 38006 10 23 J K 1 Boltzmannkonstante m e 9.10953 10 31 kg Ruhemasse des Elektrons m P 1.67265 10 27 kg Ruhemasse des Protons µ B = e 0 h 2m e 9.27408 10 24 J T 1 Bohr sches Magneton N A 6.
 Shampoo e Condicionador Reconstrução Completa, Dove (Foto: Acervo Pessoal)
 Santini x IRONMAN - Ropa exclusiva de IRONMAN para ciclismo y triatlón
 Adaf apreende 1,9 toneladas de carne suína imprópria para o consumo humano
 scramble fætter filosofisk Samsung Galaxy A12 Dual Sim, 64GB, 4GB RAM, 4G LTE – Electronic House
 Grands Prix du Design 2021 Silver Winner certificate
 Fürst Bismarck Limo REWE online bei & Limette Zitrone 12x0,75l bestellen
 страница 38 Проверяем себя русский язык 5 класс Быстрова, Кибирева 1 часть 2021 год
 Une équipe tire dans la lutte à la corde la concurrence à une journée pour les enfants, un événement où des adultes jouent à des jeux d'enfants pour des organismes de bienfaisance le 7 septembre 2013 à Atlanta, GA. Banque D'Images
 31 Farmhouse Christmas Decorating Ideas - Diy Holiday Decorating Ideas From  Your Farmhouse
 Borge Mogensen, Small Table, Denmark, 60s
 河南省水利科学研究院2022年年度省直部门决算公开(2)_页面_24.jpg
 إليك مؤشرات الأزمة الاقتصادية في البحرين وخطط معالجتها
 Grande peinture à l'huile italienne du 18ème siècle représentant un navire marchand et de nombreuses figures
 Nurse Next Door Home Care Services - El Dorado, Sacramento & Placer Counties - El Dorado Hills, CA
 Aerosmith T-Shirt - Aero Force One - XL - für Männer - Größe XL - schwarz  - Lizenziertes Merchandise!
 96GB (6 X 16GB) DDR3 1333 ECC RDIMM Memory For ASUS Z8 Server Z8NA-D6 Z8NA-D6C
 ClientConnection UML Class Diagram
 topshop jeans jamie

=== Work instruction ===
Retype every line of the material exactly.

=== Expected output ===
 38006 10 23 J K 1 Boltzmannkonstante m e 9.10953 10 31 kg Ruhemasse des Elektrons m P 1.67265 10 27 kg Ruhemasse des Protons µ B = e 0 h 2m e 9.27408 10 24 J T 1 Bohr sches Magneton N A 6.
 Shampoo e Condicionador Reconstrução Completa, Dove (Foto: Acervo Pessoal)
 Santini x IRONMAN - Ropa exclusiva de IRONMAN para ciclismo y triatlón
 Adaf apreende 1,9 toneladas de carne suína imprópria para o consumo humano
 scramble fætter filosofisk Samsung Galaxy A12 Dual Sim, 64GB, 4GB RAM, 4G LTE – Electronic House
 Grands Prix du Design 2021 Silver Winner certificate
 Fürst Bismarck Limo REWE online bei & Limette Zitrone 12x0,75l bestellen
 страница 38 Проверяем себя русский язык 5 класс Быстрова, Кибирева 1 часть 2021 год
 Une équipe tire dans la lutte à la corde la concurrence à une journée pour les enfants, un événement où des adultes jouent à des jeux d'enfants pour des organismes de bienfaisance le 7 septembre 2013 à Atlanta, GA. Banque D'Images
 31 Farmhouse Christmas Decorating Ideas - Diy Holiday Decorating Ideas From  Your Farmhouse
 Borge Mogensen, Small Table, Denmark, 60s
 河南省水利科学研究院2022年年度省直部门决算公开(2)_页面_24.jpg
 إليك مؤشرات الأزمة الاقتصادية في البحرين وخطط معالجتها
 Grande peinture à l'huile italienne du 18ème siècle représentant un navire marchand et de nombreuses figures
 Nurse Next Door Home Care Services - El Dorado, Sacramento & Placer Counties - El Dorado Hills, CA
 Aerosmith T-Shirt - Aero Force One - XL - für Männer - Größe XL - schwarz  - Lizenziertes Merchandise!
 96GB (6 X 16GB) DDR3 1333 ECC RDIMM Memory For ASUS Z8 Server Z8NA-D6 Z8NA-D6C
 ClientConnection UML Class Diagram
 topshop jeans jamie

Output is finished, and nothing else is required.